I first became interested in the genomics of rare diseases as an undergraduate medical student at the University of Oxford. I completed my BA dissertation on the genetics of chorea acanthocytosis, a rare neurological and haematological condition, under the supervision of Prof Tony Monaco at the Wellcome Trust Centre for Human Genetics in Oxford.

After completing my medical degree, I stayed in the Oxford region for Foundation medical training. I subsequently moved to Bristol before later starting academic haematology training as a NIHR Academic Clinical Fellow. I was drawn to haematology as a specialty because of its combination of laboratory and clinical medicine, its strong research base and my experiences of training with inspirational haematologists in Oxford and Bristol.
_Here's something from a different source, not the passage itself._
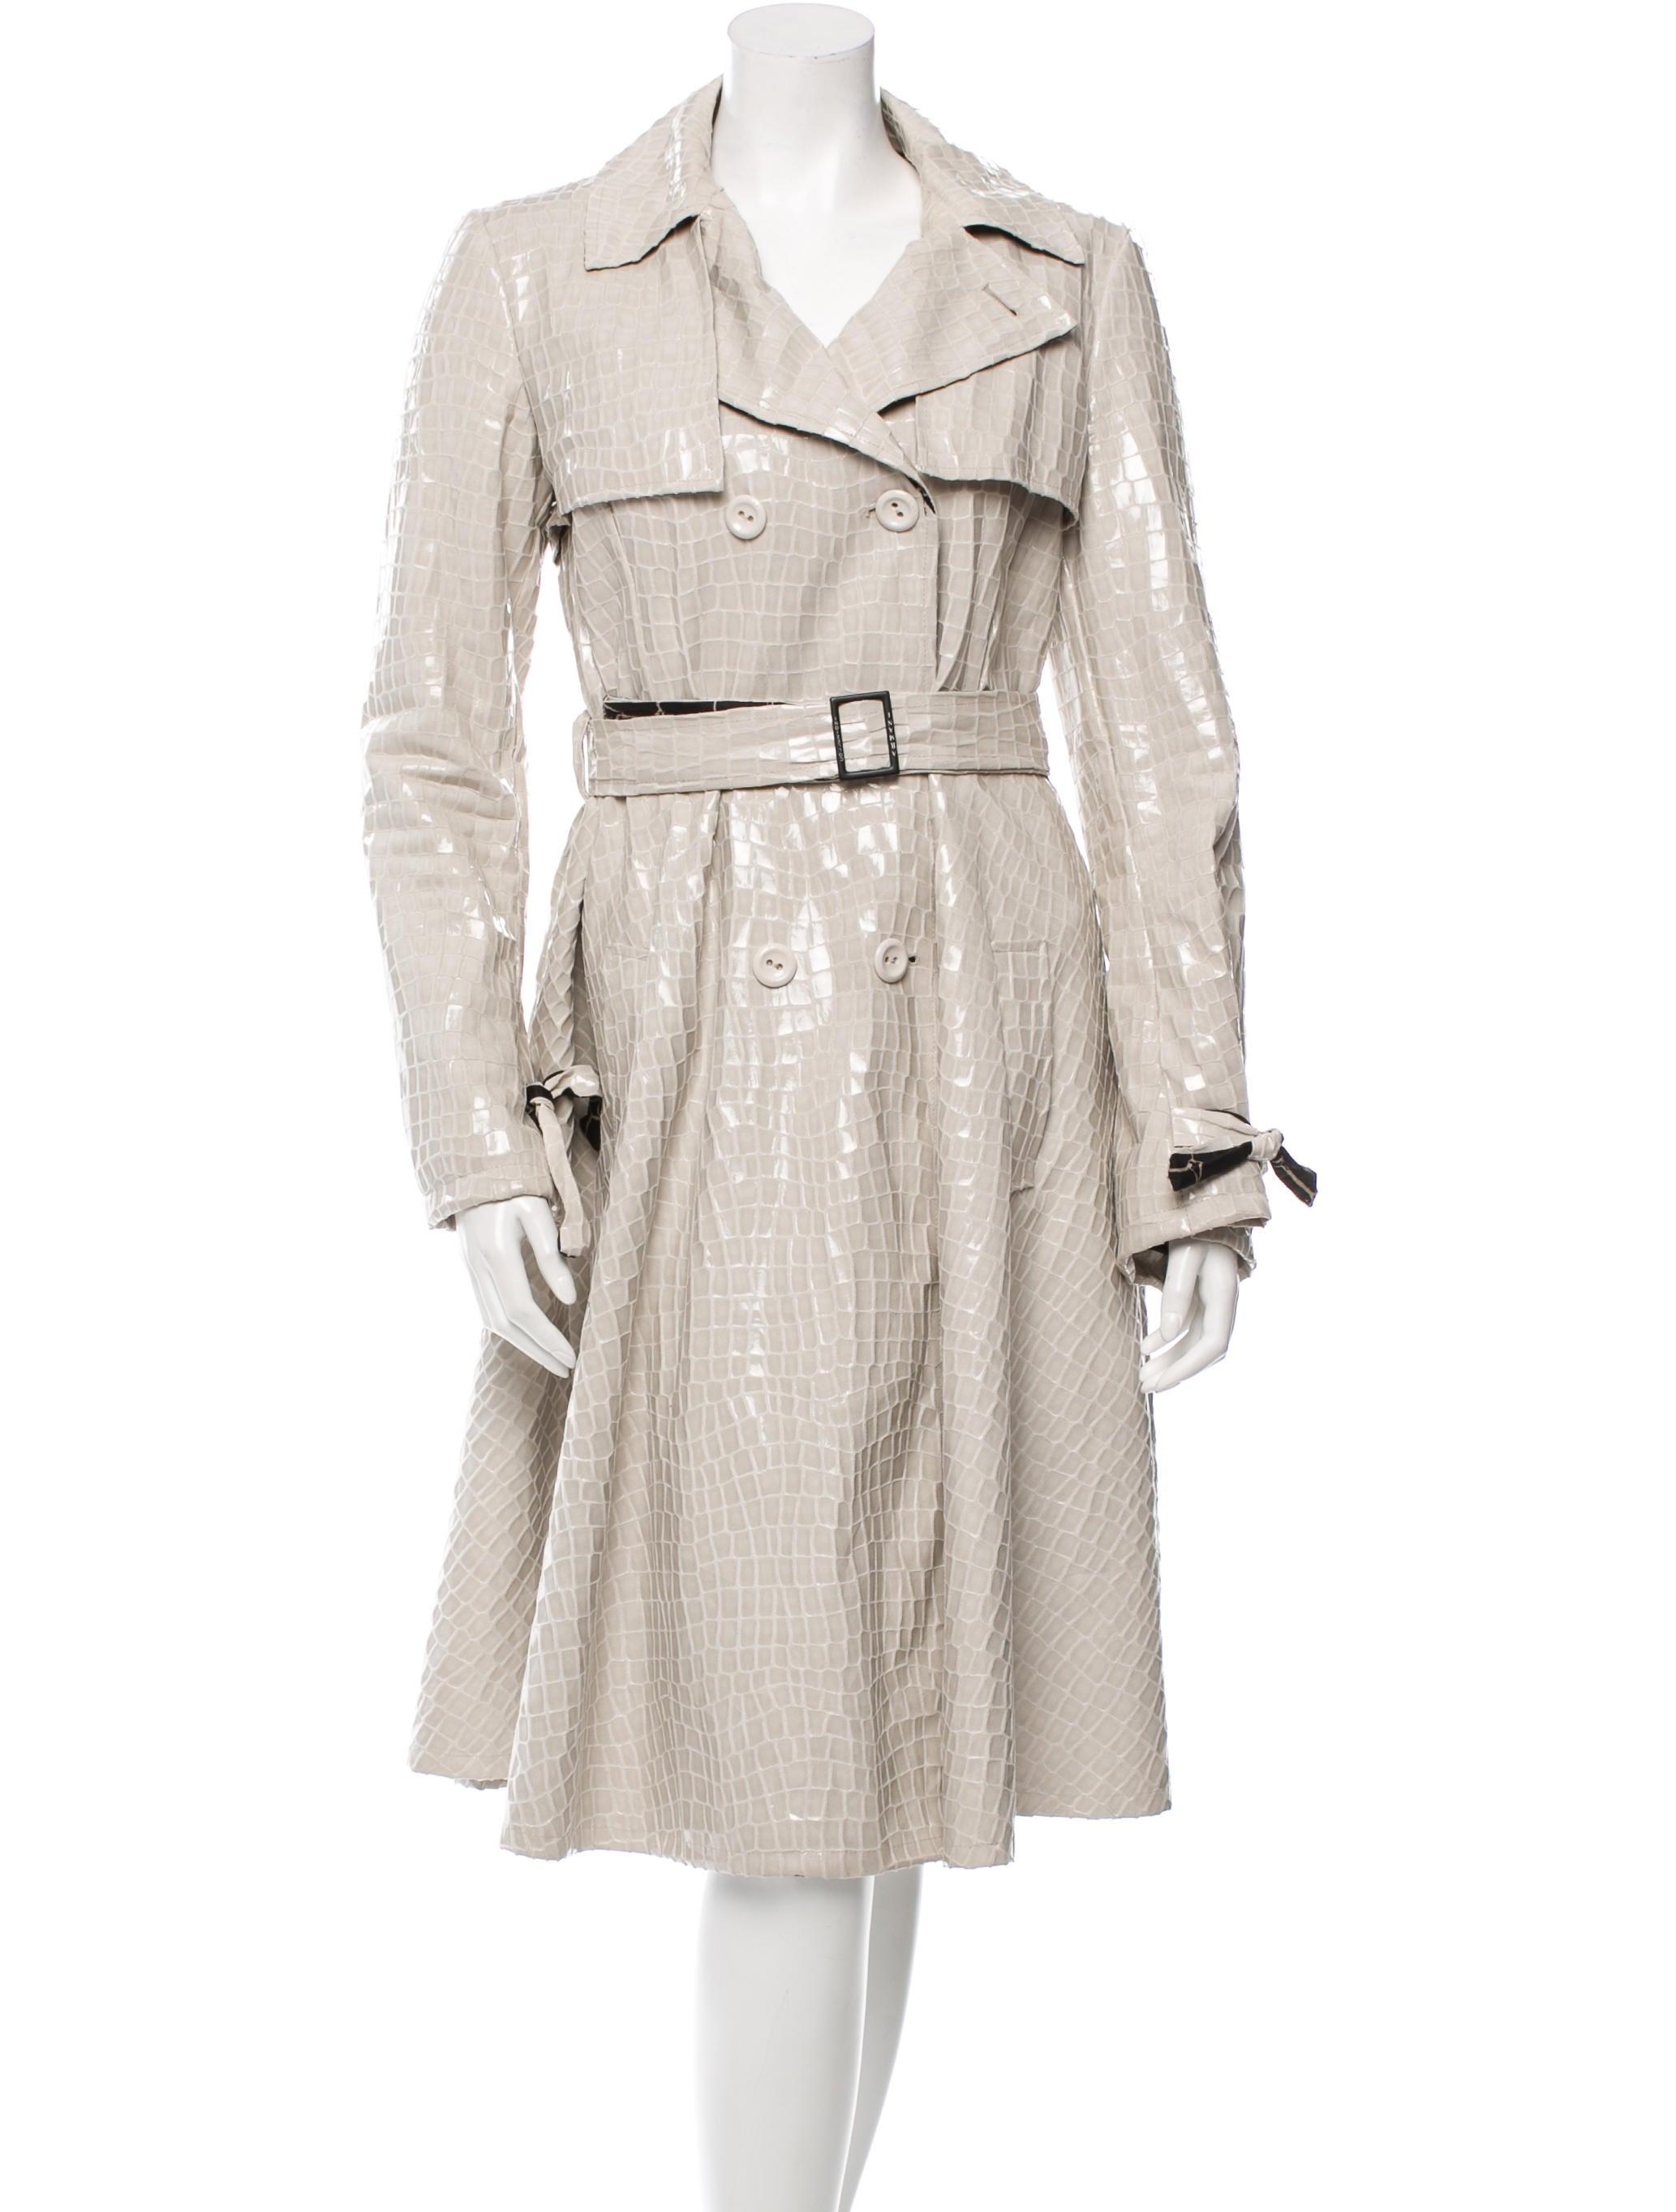 Betsey Johnson faux fur vegan coat brown black women's size medium. Pre-Owned. Obey Propaganda Size Small S Moto Jacket Womens Vegan Leather Denim Jean Coat. OBEY · Size (Women's):S · Denim.

I took time out of training to complete a PhD investigating the genomics of rare haematological disorders under the supervision of Prof Andrew Mumford and Prof Paolo Madeddu (University of Bristol) and Prof Willem Ouwehand (University of Cambridge). I subsequently returned to clinical training as a NIHR Clinical Lecturer in haematology, and I continue to develop my research interests in the genomics of benign haematological conditions. I am a member of the NIHR BioResource and ThromboGenomics consortia, the Genomics England benign haematology GeCIP and the US ClinGen Platelet Disorder expert group. I have also spent 6 months visiting Prof Walter Kahr's group at the University of Toronto, using inherited disorders of platelet number and function to provide insights into platelet biology.